Banks to suffer high NPA ratios, says study

Banks to suffer high NPA ratios, says study

Domestic banks have suffered a high ratio of non-performing assets (NPAs) on account of aggressive lending to the agriculture sector as well as exposure to high sector, said a latest report by Emkay research.

Emkay Global Financial Services’ economist and strategist Dhananjay Sinha said, “Overall, the peak of the NPA cycle for the Indian banking sector is still some time away.  Still, we expect gross NPA growth to average around 40 per cent in the coming couple of years compared to the 30 per cent seen during financial year 2009 to financial year 2012 due to a combination of factors including agricultural lending and industrial credit.”

Sinha, who is also Emkay Global Financial’s co-head institutional research citing the report did not rule out gross NPA ratio rising from the 3.1 per cent in FY12 to 4-6.5 in the next 12-24 months.
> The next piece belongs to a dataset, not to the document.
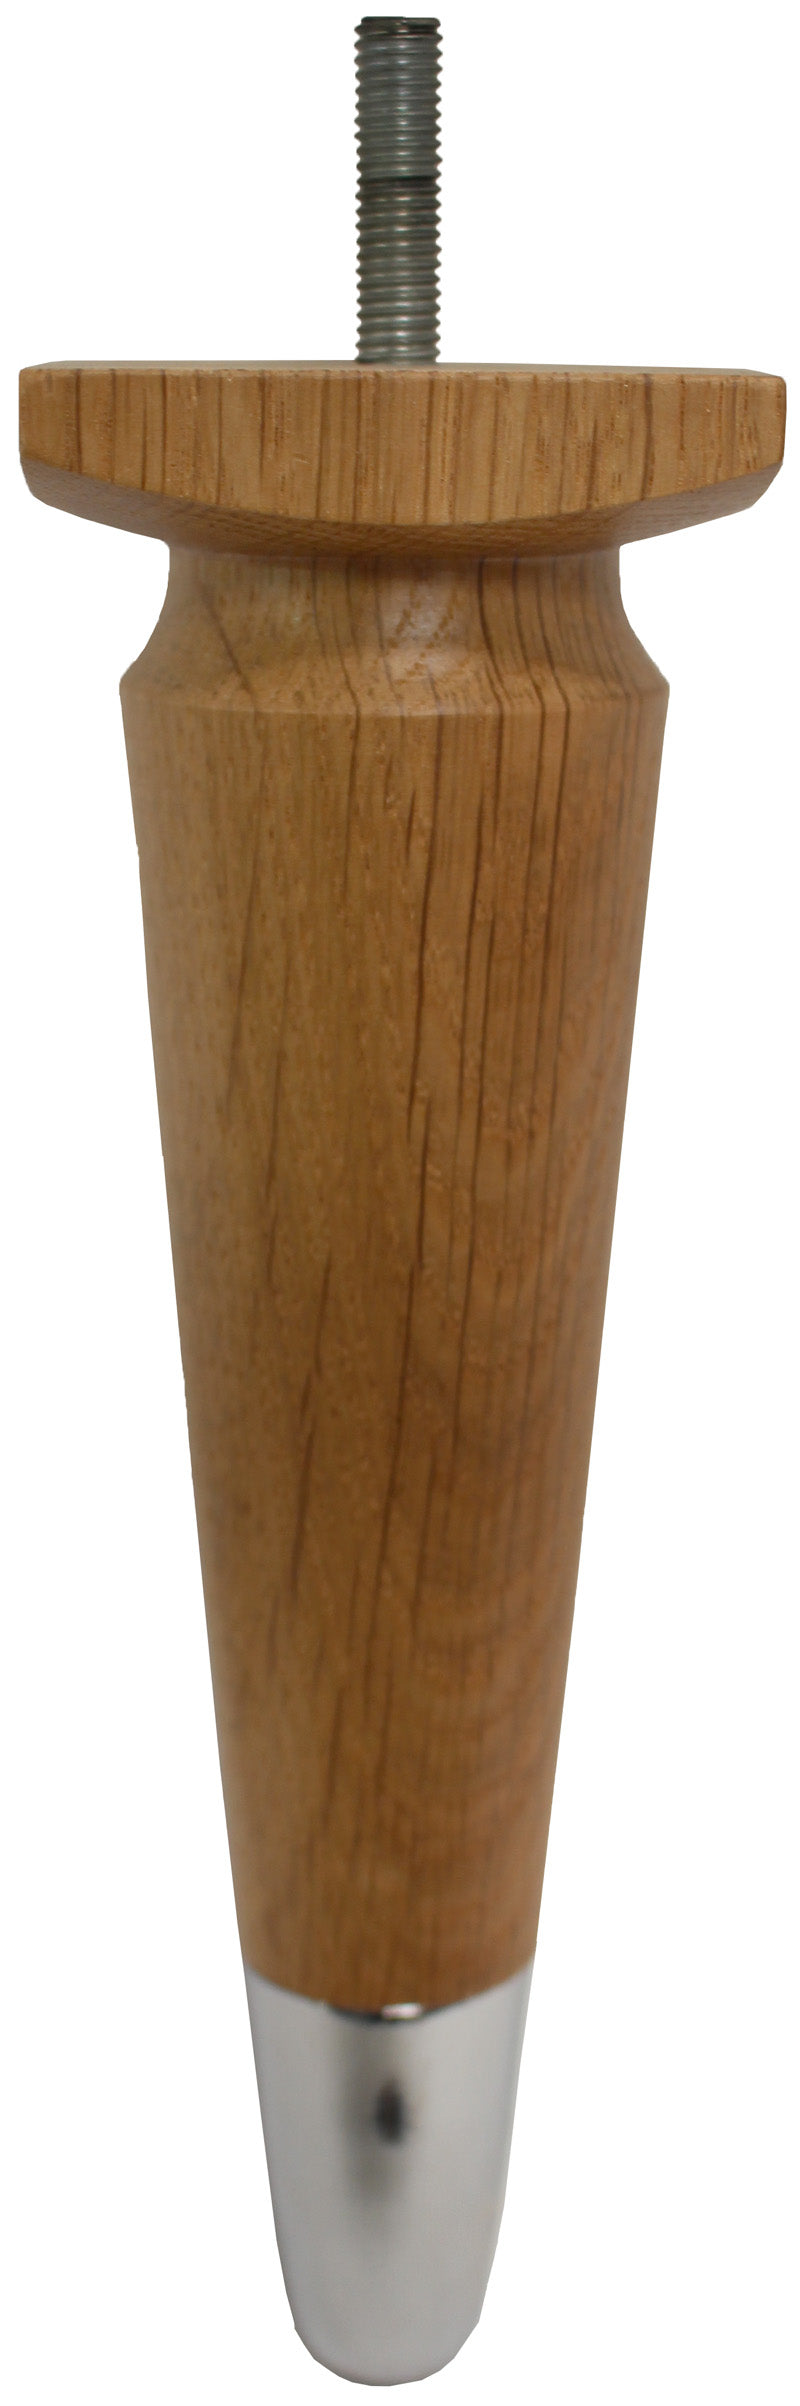 Thelma Solid Oak Furniture Legs - Natural Finish - Chrome Slipper Cups - Set of 4

It (the report) attributed it to factors like dominance of long-term lending rates and exposure to high risk sectors.

Rising NPA have also reflected a weakening in macro conditions. “The linkage of the macroeconomic conditions to the elevated leveraging in the banking system is embodied in multiple variables including decline in domestic saving rate (public, household and private), impairment of productivity growth due to persistently high inflation, commodity prices & revenue deficit and decline potential GDP growth,” the report said.

Emkay is not the only firm to express these concerns. Few others like Motilal Oswal Financial Services recently released a report which said that higher stress on asset quality led to sharp increase in gross NPAs and net NPAs for most state-owned banks. It had mentioned that the agriculture segment remains a high stress area for state-owned banks.

That report had stated that gross NPAs in the agriculture segment increased across banks, with the sharpest increase seen for Union Bank and State Bank of India.